This series of patches fixes a build breakage and some minor issues
including oonverting spinlocks to raw ones, adding a need_resched_delayed
check, etc. for powerpc64.

This applies on top of linux-2.6.21 and patch-2.6.21-rt1.

Compile and boot tested for both PREEMPT_NONE and PREEMPT_RT on Celleb.
Compile tested for PREEMPT_DESKTOP.

Thanks in advance.
-- owa
TOSHIBA, Corprate Software Engineering Center.


2007-05-14 06:28:51

by Tsutomu OWA

[permalink] [raw]
Subject: Re: [patch 2/4] powerpc 2.6.21-rt1: convert spinlocks to raw ones for Celleb.


Convert more spinlocks to raw ones for Celleb.

Signed-off-by: Tsutomu OWA <[email protected]>
-- owa

diff -rup linux-2.6.21-rt1/arch/powerpc/platforms/celleb/htab.c rt/arch/powerpc/platforms/celleb/htab.c
--- linux-2.6.21-rt1/arch/powerpc/platforms/celleb/htab.c 2007-04-26 12:08:32.000000000 +0900
+++ rt/arch/powerpc/platforms/celleb/htab.c 2007-05-07 14:05:30.000000000 +0900
@@ -40,7 +40,7 @@
#define DBG_LOW(fmt...) do { } while(0)
#endif

-static DEFINE_SPINLOCK(beat_htab_lock);
+static DEFINE_RAW_SPINLOCK(beat_htab_lock);

static inline unsigned int beat_read_mask(unsigned hpte_group)
{
--- linux-2.6.21-rt1/arch/powerpc/platforms/celleb/interrupt.c 2007-04-26 12:08:32.000000000 +0900
+++ rt/arch/powerpc/platforms/celleb/interrupt.c 2007-05-09 17:02:33.000000000 +0900
@@ -30,7 +30,7 @@
#include "beat_wrapper.h"

#define MAX_IRQS NR_IRQS
-static DEFINE_SPINLOCK(beatic_irq_mask_lock);
+static DEFINE_RAW_SPINLOCK(beatic_irq_mask_lock);
static uint64_t beatic_irq_mask_enable[(MAX_IRQS+255)/64];
static uint64_t beatic_irq_mask_ack[(MAX_IRQS+255)/64];

2007-05-14 06:30:56

by Tsutomu OWA

[permalink] [raw]
Subject: Re: [patch 1/4] powerpc 2.6.21-rt1: fix a build breakage by adding __raw_*_relax() macros


Add missing macros to fix a build breakage for PREEMPT_DESKTOP.

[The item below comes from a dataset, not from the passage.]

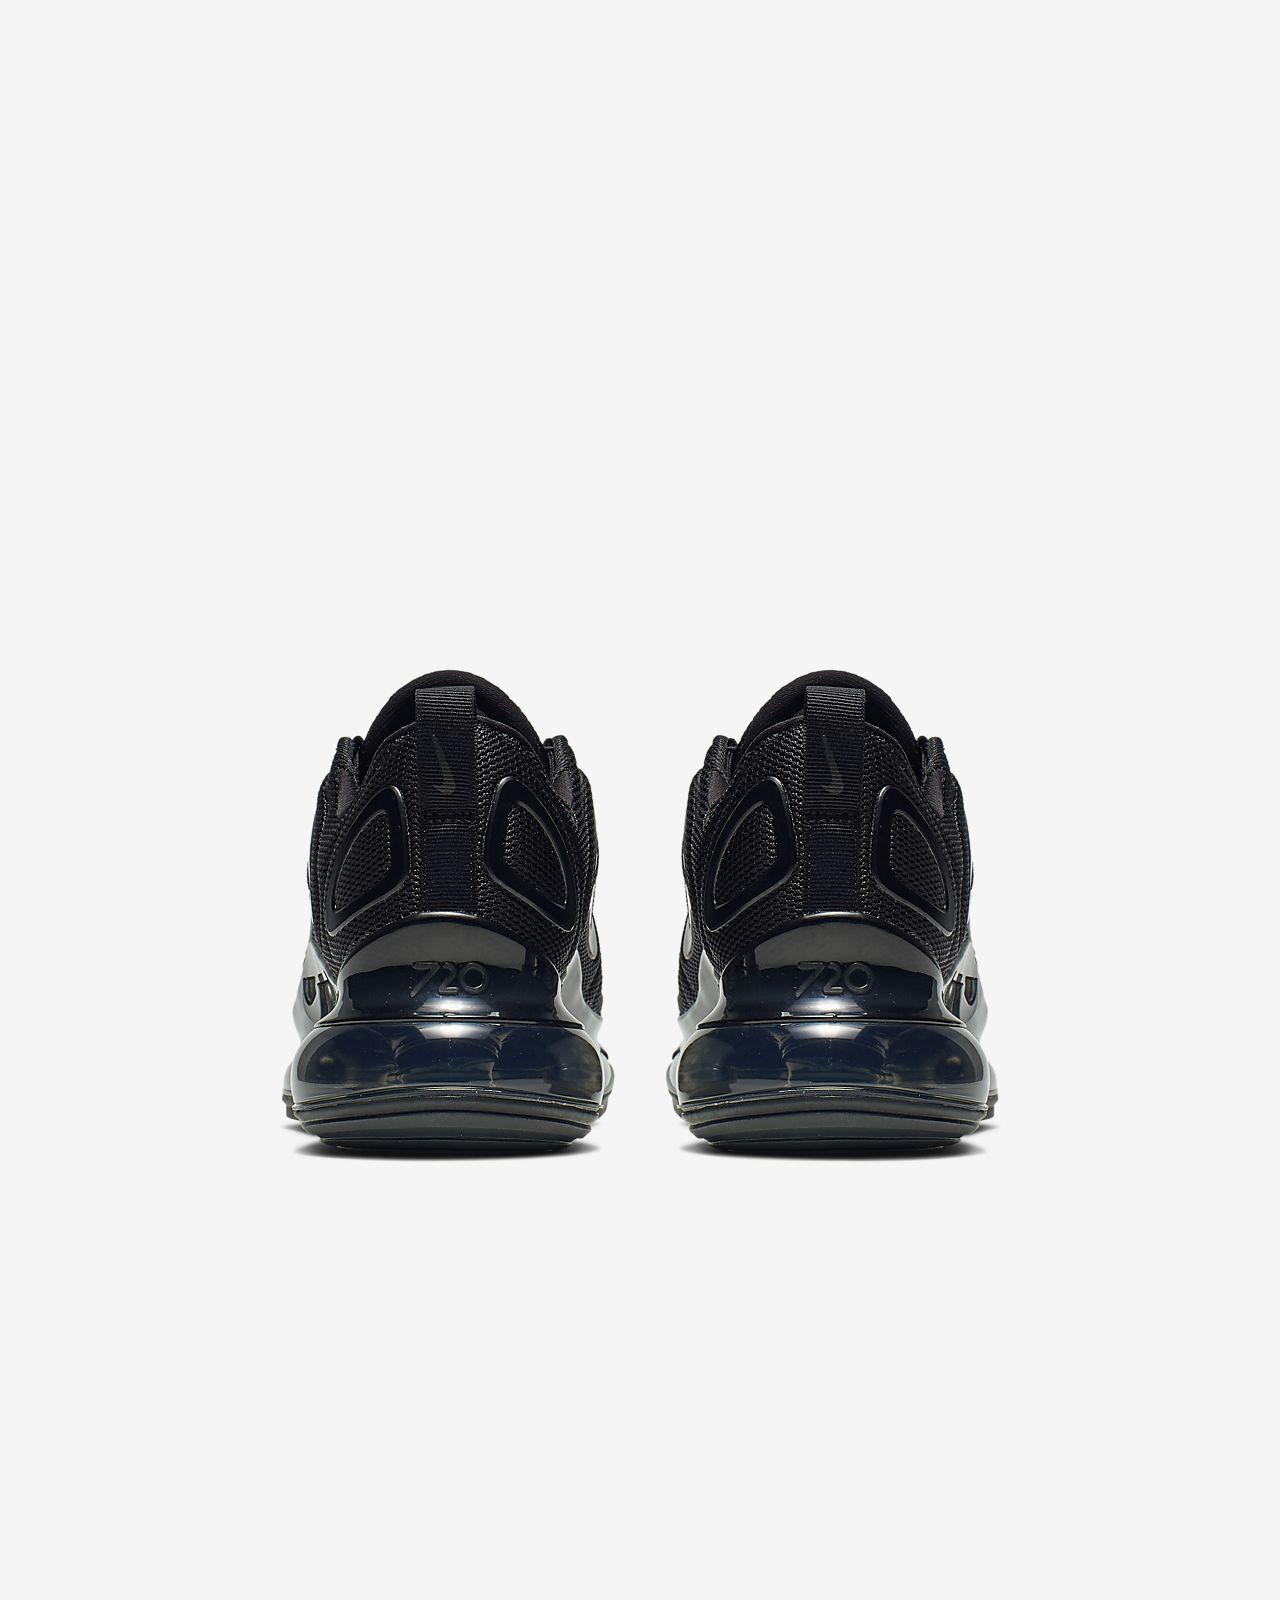 Go bigger with Nike Air Max 720 Nike & Zalando   Kids

Signed-off-by: Tsutomu OWA <[email protected]>
-- owa

diff -rup linux-2.6.21-rt1/include/asm-powerpc/spinlock.h rt/include/asm-powerpc/spinlock.h
--- linux-2.6.21-rt1/include/asm-powerpc/spinlock.h 2007-05-07 14:08:12.000000000 +0900
+++ rt/include/asm-powerpc/spinlock.h 2007-05-07 16:56:41.000000000 +0900
@@ -289,5 +289,9 @@ static __inline__ void __raw_write_unloc
#define _raw_read_relax(lock) __rw_yield(lock)
#define _raw_write_relax(lock) __rw_yield(lock)

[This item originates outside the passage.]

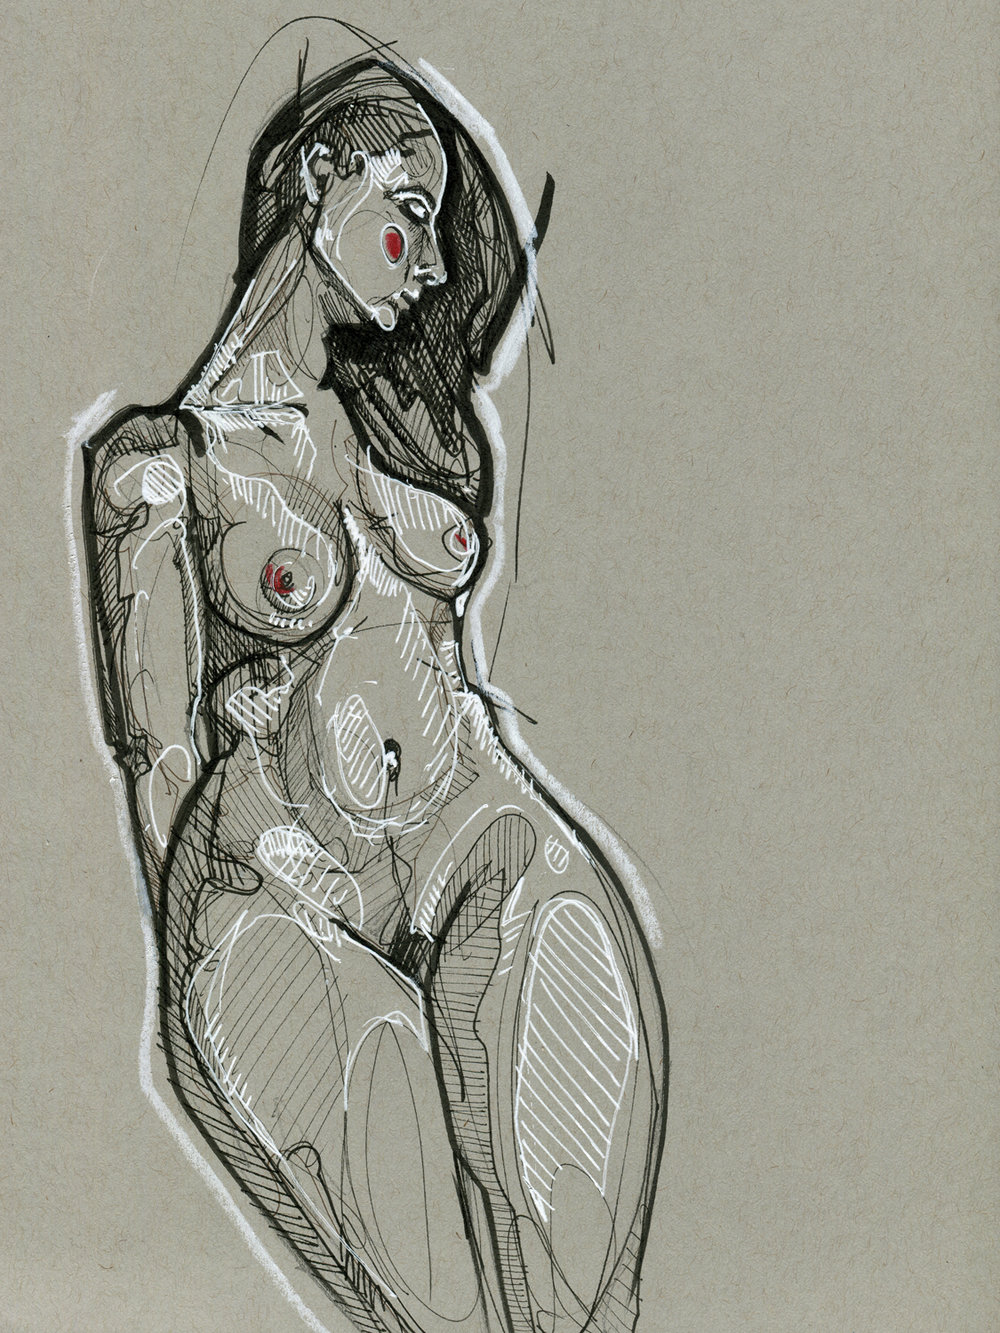 Gray Figure Study #4

+#define __raw_spin_relax(lock) cpu_relax()
+#define __raw_read_relax(lock) cpu_relax()
+#define __raw_write_relax(lock) cpu_relax()
+
#endif /* __KERNEL__ */
#endif /* __ASM_SPINLOCK_H */

2007-05-14 06:31:20

by Tsutomu OWA

[permalink] [raw]
Subject: Re: [patch 0/4] powerpc 2.6.21-rt1: reduce scheduling latency by changing tlb flush size


To reduce scheduling latecy by changing tlb flush size to 1.
Since tlb flush on Celleb is done by calling (an) expensive hypervisor call(s),
it takes a long time to flush tlbs and causes scheduing latency.

As I don't know how long it takes on other platforms, it would be better to
enclose it within #ifdef CONFIG_PPC_CELLEB.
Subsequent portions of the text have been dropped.